Thirdly, reasonable excuses for being outside are not limited to those explicitly set out in the Regulations. Police officers considering whether there are reasonable grounds for believing that an offence has been committed under the Regulations so that an FPN may be issued, or the reasonable grounds for suspicion that are necessary for an arrest, should give proper consideration to any explanation given by members of the public (and what a court might think of it) rather than only recognising those exceptions explicitly listed in the Regulations and/or government guidance. Failure to do so could, in certain circumstances, lead to litigation including for unlawful arrest and false imprisonment. Our view is that the police should also consider that members of the public who decline to answer questions may have reasonable excuses for being outside even if they do not wish to explain themselves to the police. There may be legitimate reasons, for example based on principle or previous negative interactions with the police, for not wanting to do so.
Fourthly, the case is an example of a failure of the CPS review into prosecutions brought under Coronavirus Regulations, which has found that alarming numbers of cases were wrongly charged.

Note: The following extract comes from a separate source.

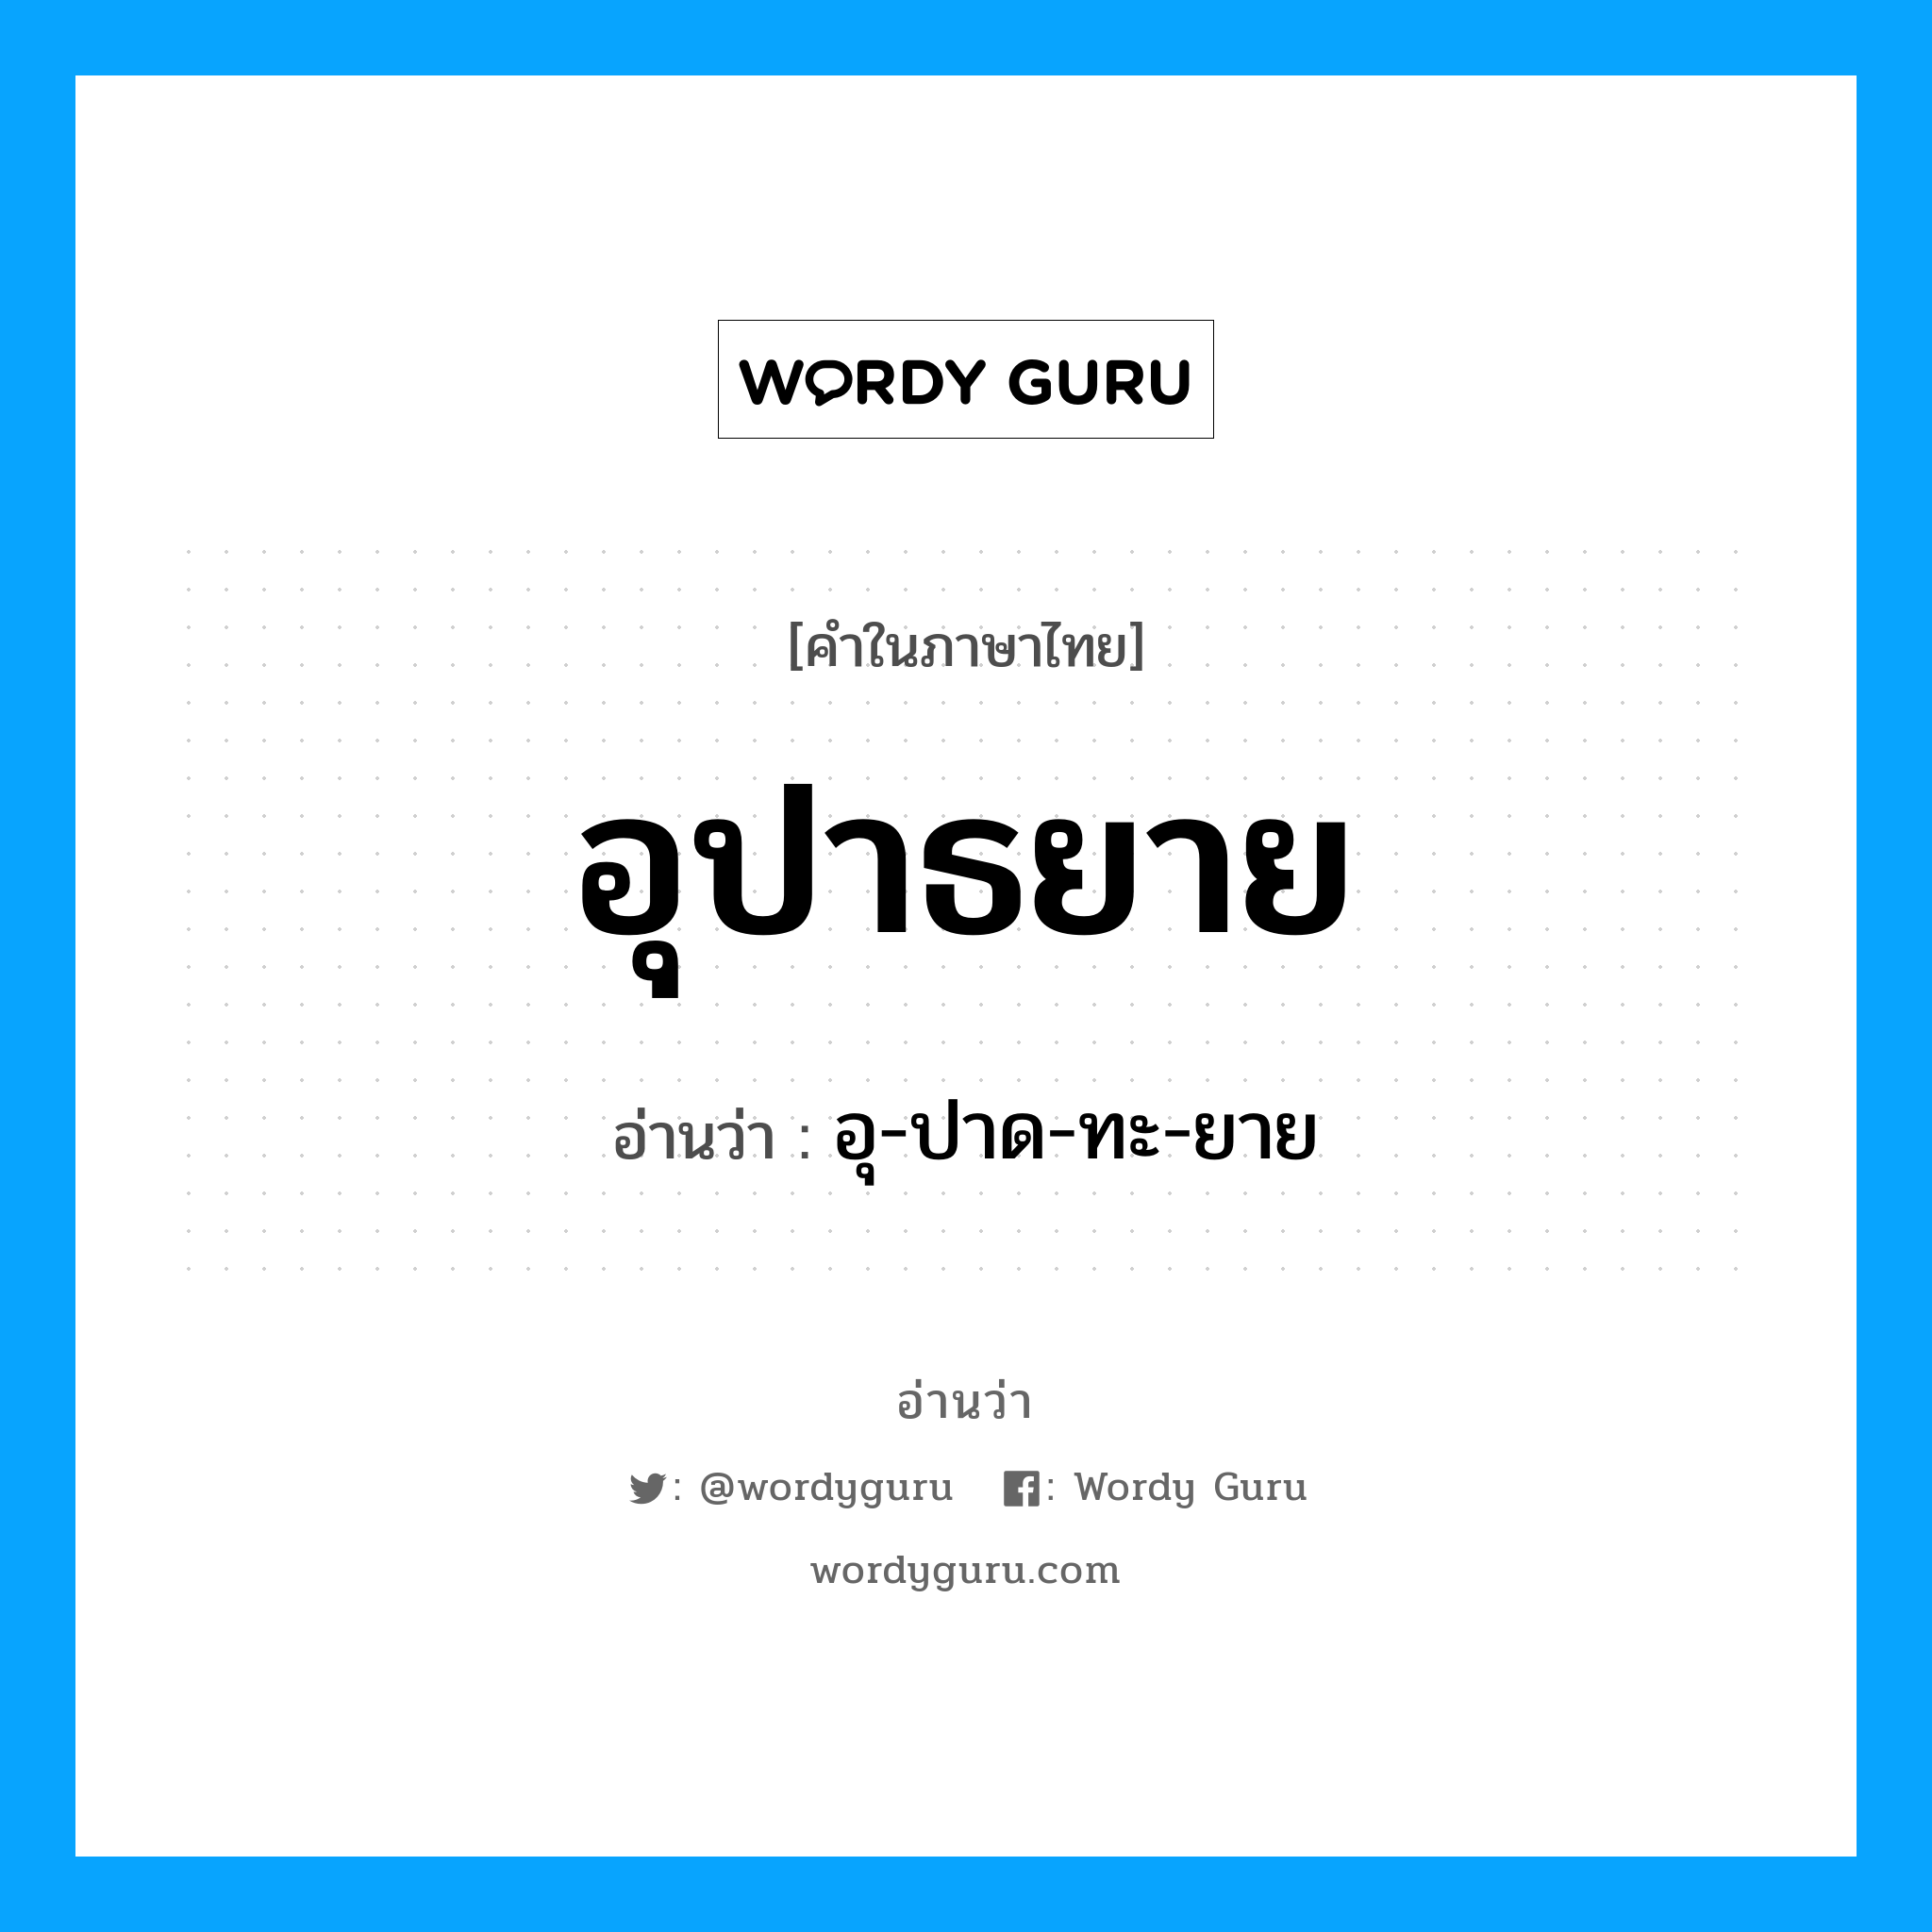 อุ-ปาด-ทะ-ยาย เป็นคำอ่านของคำไหน?, คำในภาษาไทย อุ-ปาด-ทะ-ยาย อ่านว่า อุปาธยาย

In Mr Neale’s case, Bindmans brought information to the attention of the CPS that Mr Neale had been homeless at the time of the alleged offences – and yet the prosecution was not discontinued, necessitating the attendance of all parties at court during the pandemic. If cases like Mr Neale’s can go as far as being prosecuted to trial and beyond, serious questions remain about the thousands of fixed penalty notices issued by police officers and prosecutions brought under the Single Justice Procedure where suspects/defendants might never have had legal representation.